Now that we have the processed data frames stored as parquet files in s3, we can generate [Trino](https://trino.io/) tables from it so that interactive dashboards can be implemented in [Superset](https://superset.apache.org/). We will be connecting to the [Operate First Trino](https://trino.operate-first.cloud/).

In [28]:
# Map the datatype columns of df to suitable datatype supported in Trino/Superset
_p2smap = {
    "object": "varchar",
    "int64": "bigint",
    "float64": "double",
    "datetime64[ns]": "timestamp",
    "bool": "boolean",
}


def pandas_type_to_sql(pt):
    st = _p2smap.get(pt)
    if st is not None:
        return st
    raise ValueError("unexpected pandas column type '{pt}'".format(pt=pt))


# Generate the Trino table schema
def generate_table_schema_pairs(df):
    ptypes = [str(e) for e in df.dtypes.to_list()]
    stypes = [pandas_type_to_sql(e) for e in ptypes]
    pz = list(zip(df.columns.to_list(), stypes))
    return ",\n".join(["    {n} {t}".format(n=e[0], t=e[1]) for e in pz])

In [29]:
# Create a Trino client
conn = trino.dbapi.connect(
    auth=trino.auth.BasicAuthentication(
        os.environ["TRINO_USER"], os.environ["TRINO_PASSWD"]
    ),
    host=os.environ["TRINO_HOST"],
    port=int(os.environ["TRINO_PORT"]),
    http_scheme="https",
    verify=True,
)
cur = conn.cursor()

In [30]:
# Check if Trino connection was successful
cur.execute("show catalogs")
cur.fetchall()[2]

['data_science_general_morty']

In [31]:
def create_table_from_df(df, table_name, s3_prefix):
    # Create the table with data populated from parquet file
    schema = generate_table_schema_pairs(df)

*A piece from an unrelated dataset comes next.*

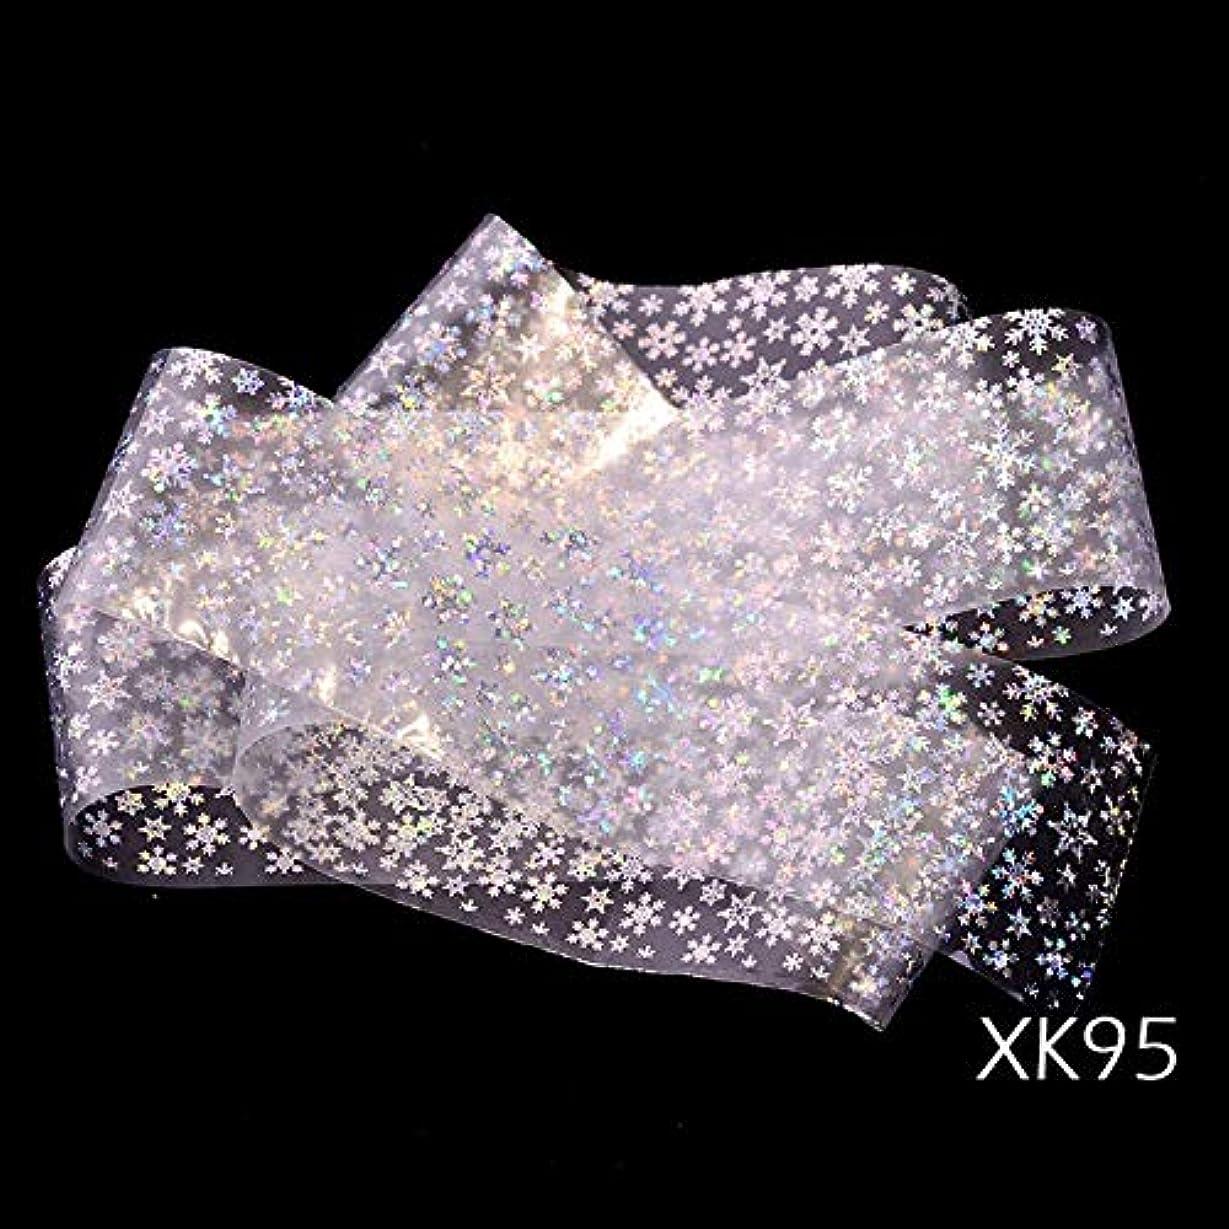 類推農学番号1ピースレーザーネイル箔転写ステッカークリスマスホログラフィックシルバーカラー光沢のあるスノーフレークデザイン透明/ブラックチップSAXK94-97 XK95

    tabledef = """CREATE TABLE IF NOT EXISTS data_science_general_morty.default.{table_name}(
    {schema}
    ) with (
        format = 'parquet',
        external_location = 's3a://{s3_bucket}/{s3_prefix}'
    )""".format(
        table_name=table_name,
        schema=schema,
        s3_prefix=s3_prefix,
        s3_bucket=os.environ["S3_BUCKET"],
    )

    cur.execute(tabledef)
    return cur.fetchall()

In [32]:
create_table_from_df(
    issue_df,
    table_name="thoth_support_issues",
    s3_prefix="open-services-group/metrics/thoth-support-github/issues",
)

[[True]]

In [33]:
create_table_from_df(
    pr_df,
    table_name="thoth_support_prs",
    s3_prefix="open-services-group/metrics/thoth-support-github/prs",
)

[[True]]

## Conclusion

In this notebook we:

- Fetched GitHub Issue/PR data for a specified org/repo using the MI srcopsmetrics module.
- Pre-processed the raw data into data frames with relevant columns.
- Uploaded the processed data frames as parquet files to an S3 bucket.
- Created suitable tables for the parquet files generated in Trino.

We can now further explore the GitHub data and create interactive visualization dashboards in Superset.